Gordy's head whips around. "What's that?"

"It's an Aporia Astra," says the officer, examining the pure white butterfly. He nods as though he's confirmed something; his dark eyes dart to Gordy, then Mai. A smile reveals his white teeth.

"We've made our own butterfly house," says Mai, "And I've never heard of butterflies like this before."

"That right?" says the officer. "That's neat. Well, they're good luck. Hatch every year. Always a treat. You'll want to be in Prince George for that."

"Why?" Gordy asks.

"Because," says the officer, his eyes back on the butterfly. "There's a festival for these little buggers."

"A festival?"

"Yeah, tonight," the policeman says. "The Prince George folks love the Aporia Astra."

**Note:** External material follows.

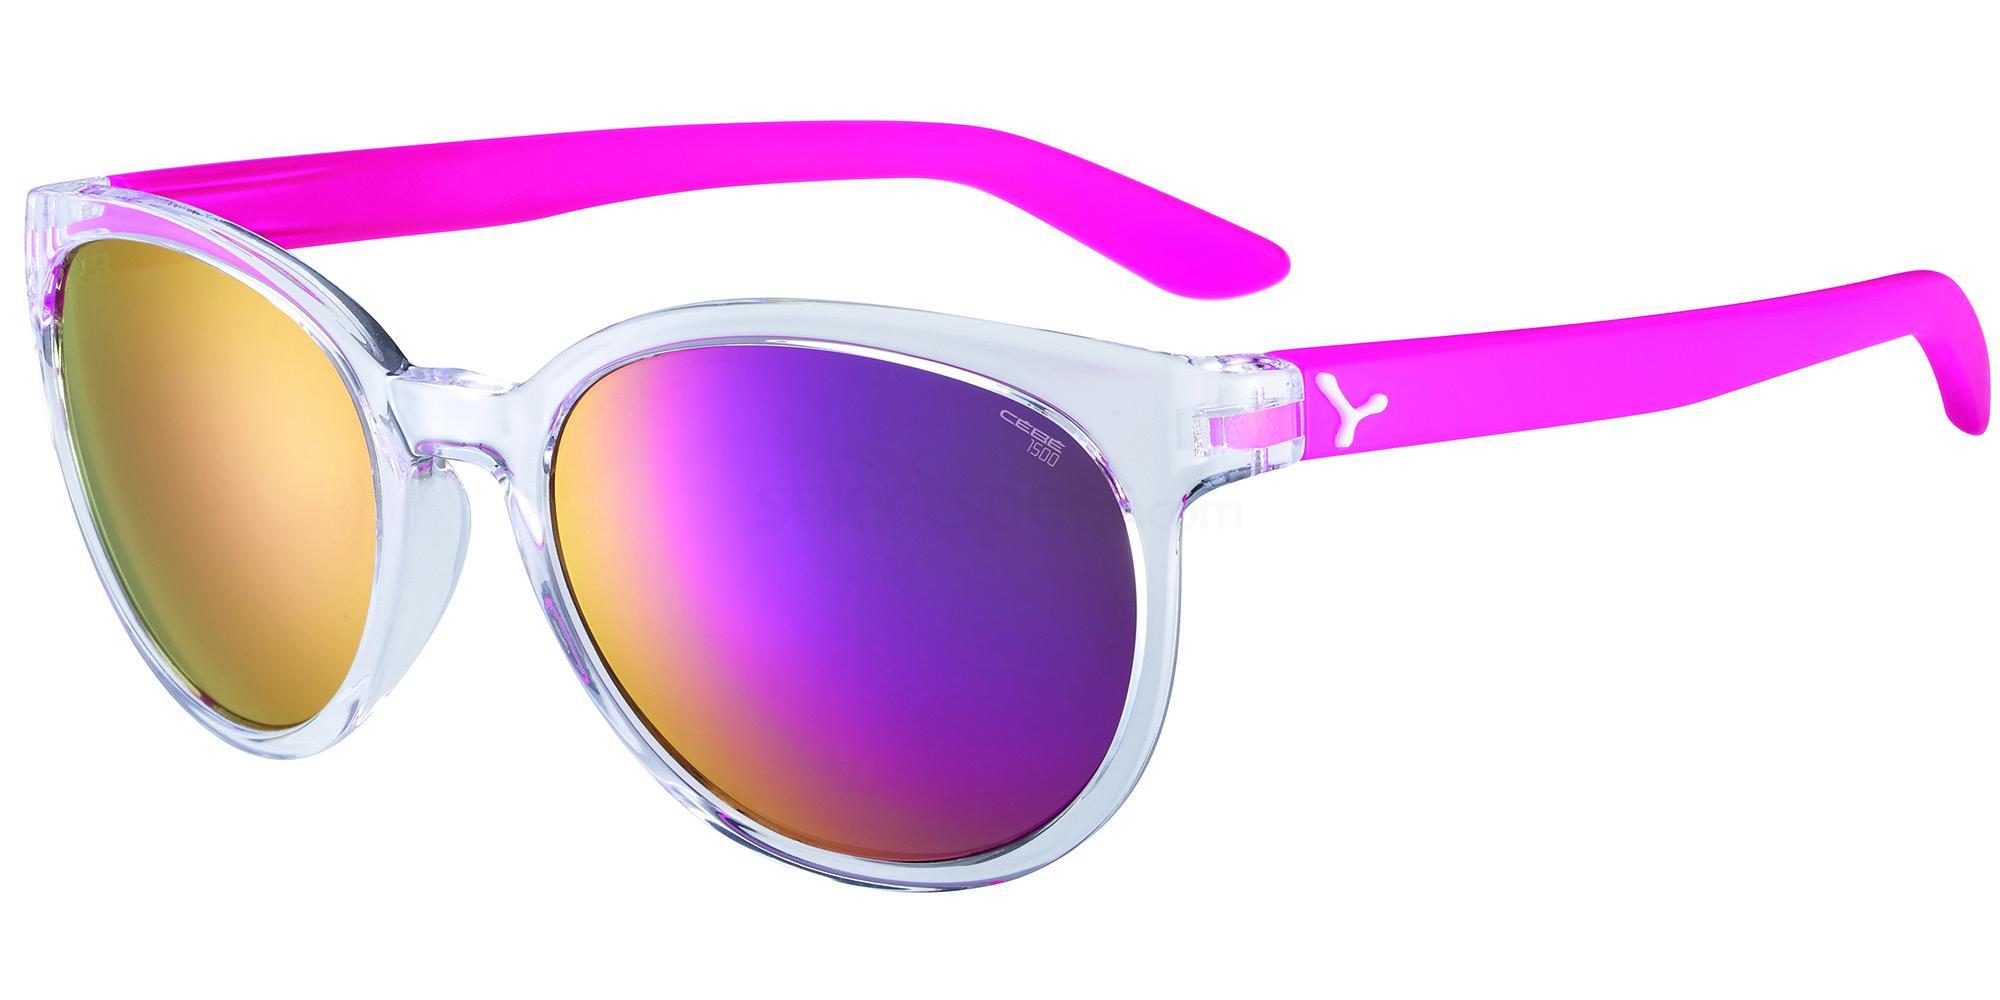 CBSUNRI1 SUNRISE Sunglasses, Cebe

"Oookay," says Gordy in a you're-saying-weird-stuff voice.

The officer isn't put off in the slightest. He straightens up. "Look," he says. "You're about five miles out. Head there and grab some breakfast at Delenore's. It's great. Wherever you go after that is up to you."

Gordy nods and Mai waves to the policeman. A moment later the police cruiser U-turns and heads the opposite direction.

"I need to see the butterflies," says Mai, pointing to the one still balancing on the half-down window.

"Do you?" asks Gordy. "I was thinking another day north—maybe, I don't know. I'm not ready to stop."

"I am," says Mai. "I think Prince George is where I'm supposed to be."

As Gordy starts the car, the butterfly takes to the air again. It flaps, floating up and up, into the sky, until it is lost in the vast blue above.